In the case where the accused, aged between 15 and 18, eloped with the victim who was shortly to turn 15, and engaged in a consensual relationship, followed by an official marriage with a child born to them, and where the accused’s father, M. A., who was acquitted in the same trial, stated during the investigation phase in a declaration dated 24.03.2008 received from the Chief Public Prosecutor’s Office that he believed the victim to be 15-16 years old, and given that forensic reports noted that bone age and appearance may differ sometimes due to hormonal development and nutrition, it was necessary to determine, pursuant to Article 30 of the Turkish Penal Code (TCK), whether the accused’s mistake regarding the victim’s age existed, specifically whether it could be understood that the victim appeared younger than 15 at the time of the offense. Considering their social and cultural circumstances, it had to be examined whether it was possible for the accused to be mistaken about the victim’s age. The court should have assessed all evidence in the file together with its own observations, and if necessary, ordered an expert examination on this issue, and then determined the legal status of the accused accordingly. However, a judgment was rendered in writing with an incomplete examination.

This was against the law, and since the defense attorneys’ appeals were thus found to be justified, it was decided by majority vote on 30.01.2013 to REVERSE the judgment pursuant to Article 321 of the Criminal Procedure Code (CMUK), considering Article 8/1 of Law No. 5320.

An important issue regarding the crime of sexual intercourse with a minor is whether the victim’s consent to the act was valid, in other words, whether there was any deception involved. The deception referred to here must be such that it nullifies the victim’s consent. For example, statements like “We will be together forever,” “I will never leave you,” or “I love you” are not considered by the Supreme Court as deception that would eliminate the victim’s free will.

Aggravating Circumstances Affecting the Crime

There are two aggravating circumstances that increase the penalty for the crime of sexual intercourse with a minor:

  1. If the crime is committed by a person who is legally prohibited from marrying the victim, a prison sentence of ten to fifteen years is imposed without requiring a complaint.

As can be seen, while the lawmaker foresees imprisonment from two to five years in the first paragraph of the crime of sexual intercourse with a minor, this provision prescribes imprisonment from ten to fifteen years. This provision constitutes an aggravating circumstance concerning anyone who is legally prohibited from marrying the minor victim.

If the perpetrator of the crime is a person who has undertaken the care of the child before adoption or who is responsible for protection, care, and supervision within the framework of a foster family relationship, a prison sentence of ten to fifteen years is imposed without requiring a complaint.

Attempt to Commit a Crime

The perpetrator’s criminal liability regarding attempt is determined according to Article 35 of the Turkish Penal Code (TCK).
Article 35 of the TCK:
(1) A person who begins to directly execute a crime they intend to commit through appropriate acts but cannot complete it due to reasons beyond their control shall be held responsible for the attempt.

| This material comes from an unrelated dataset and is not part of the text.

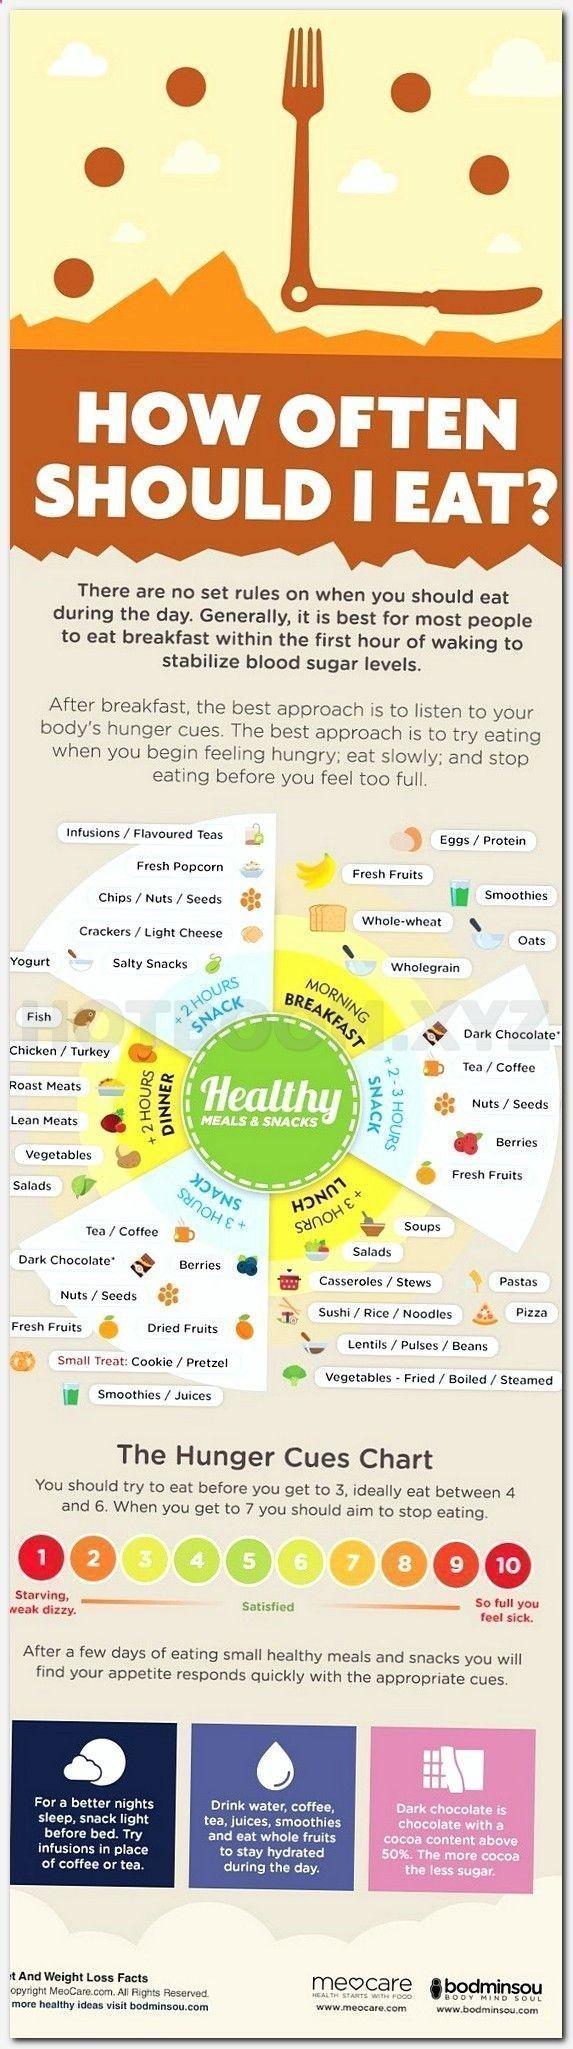 how to start a detox diet
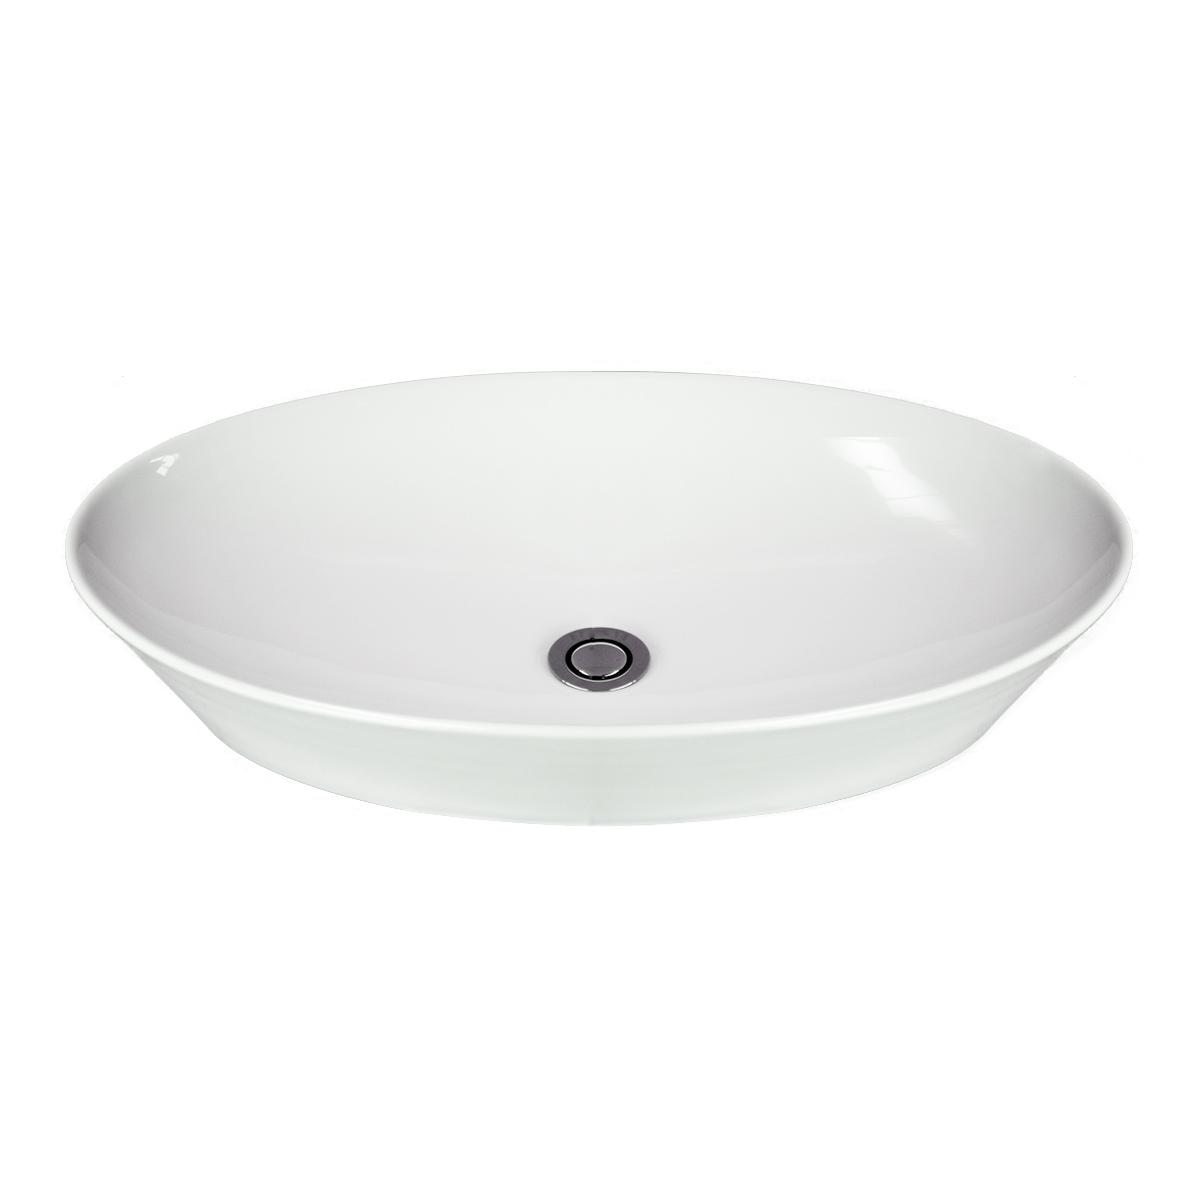 Ceres counter top basin ceramic

(2) In the case of an attempted crime, the perpetrator shall be punished with imprisonment from thirteen to twenty years instead of aggravated life imprisonment, or imprisonment from nine to fifteen years instead of life imprisonment, depending on the severity of the damage or danger caused. In other cases, the penalty is reduced from one-quarter to three-quarters.

However, here it is necessary to focus on voluntary abandonment. If the perpetrator voluntarily abandons the execution acts—for example, having performed acts prior to sexual intercourse but refraining from the actual intercourse—then Article 36 of the TCK applies. Article 36 regulates voluntary abandonment. According to it, if the perpetrator voluntarily abandons the execution acts of the crime or prevents the completion of the crime or the occurrence of the result by their own efforts, they shall not be punished for the attempt; however, if the completed part constitutes a crime in itself, they shall only be punished for that crime.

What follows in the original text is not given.